Why This Recipe Works

  • Set-it-and-forget-it: Everything except the finishing touches goes straight into the slow cooker—no pre-sautéing required.
  • Creamy without the cream: A single cup of red lentils naturally breaks down and thickens the broth, while a modest splash of coconut milk adds silkiness.
  • Two-stage veg: Spinach is added at the end so it stays vibrant and tender instead of muddy and overcooked.
  • Protein & fiber powerhouse: 18 g plant protein and 15 g fiber per serving keep you satisfied for hours.
  • Freezer hero: Make a double batch; leftovers freeze beautifully for up to three months.
  • Budget brilliance: Feed six people for well under ten dollars—even with organic produce.

Ingredients You'll Need

Ingredients

Before we dump everything into the crock, let’s talk quality—because soup is only as good as what you put in it.

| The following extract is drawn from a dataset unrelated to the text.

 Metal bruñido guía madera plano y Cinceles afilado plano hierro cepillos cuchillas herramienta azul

Red lentils: These are the MVP. They cook quickly, almost dissolve, and act as a natural thickener. Look for uniformly salmon-colored grains with no pale dusty patches (a sign of age). Rinse until the water runs clear to remove surface starch and any lingering husks. No red lentils? Yellow split peas or petite green lentils work, but they’ll keep their shape more and yield a broth-y rather than creamy texture.

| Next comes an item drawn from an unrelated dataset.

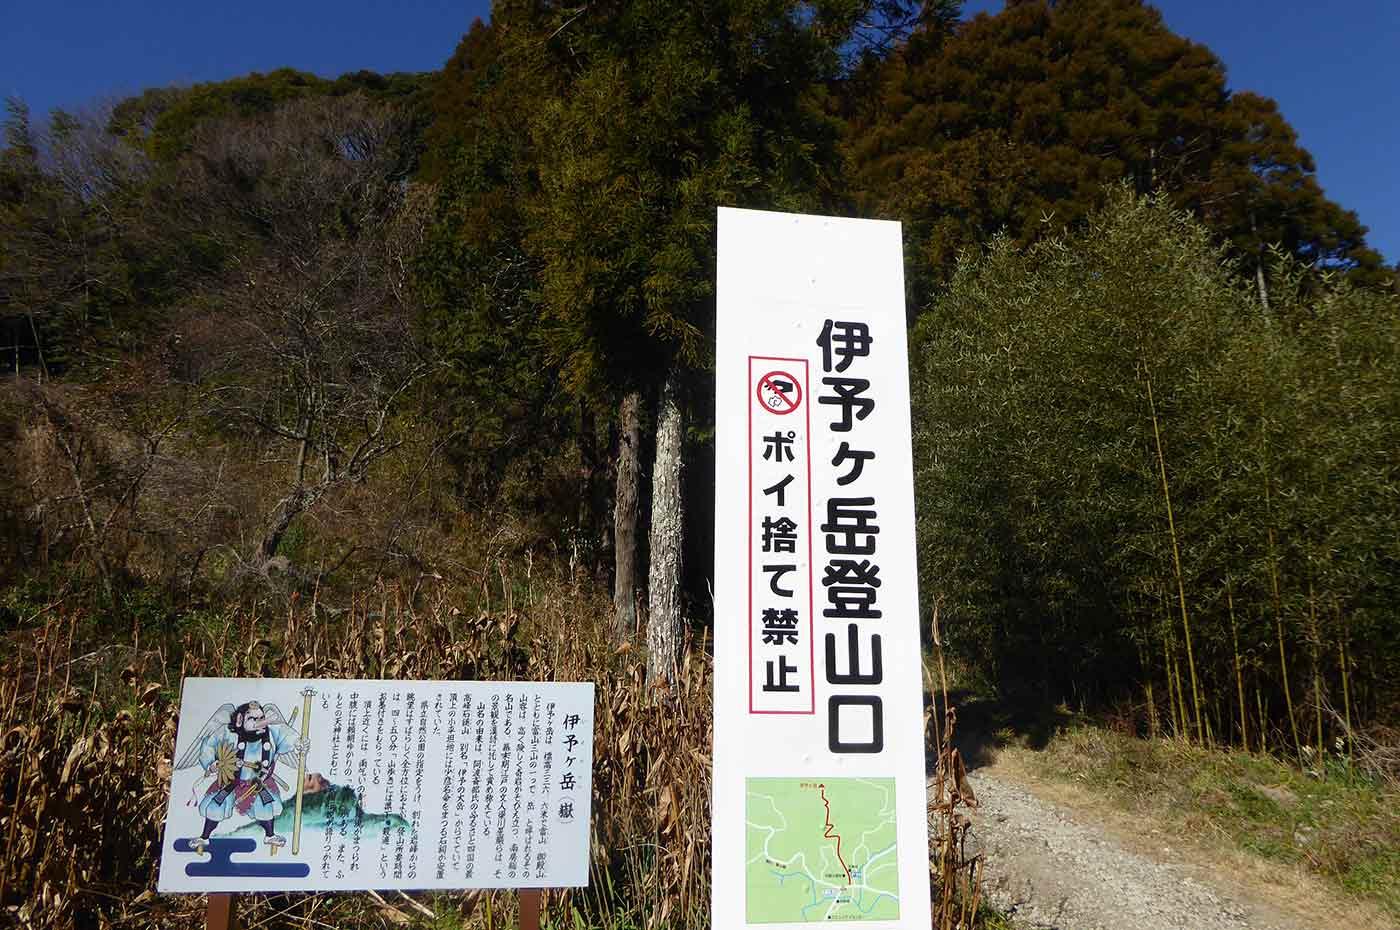 伊予ヶ岳の登山口の案内板

Fresh spinach: Grab a 5-oz clamshell of baby spinach—no stem removal necessary. If you’re using mature curly spinach, remove the tougher stems and slice the leaves into ribbons so they wilt evenly. Frozen spinach is fine in a pinch; thaw and squeeze it bone-dry to avoid watery soup.

Aromatics: One large leek plus two cloves of garlic give a gentler, slightly sweet backbone compared with the traditional onion. Wash leeks meticulously; nobody wants gritty soup. If you can only find onions, swap in a medium yellow one and add a pinch of sugar to mimic leek sweetness.

Carrots & celery: Classic soup duo. Slice them thin so they soften during the long simmer. Keep the leafy carrot tops for garnish—just wash, dry, and chop for a parsley-like pop.

Vegetable broth: Use low-sodium so you control salt. Homemade is gold, but I regularly reach for the store-bought stuff. If all you have is water, bump up the herbs and add a teaspoon of white miso at the end for depth.

Coconut milk: A mere half-cup lends velvety body without screaming “tropical.” Choose full-fat; light versions curdle and taste watery. Not a coconut fan? Stir in 3 Tbsp cashew butter or ½ cup half-and-half instead.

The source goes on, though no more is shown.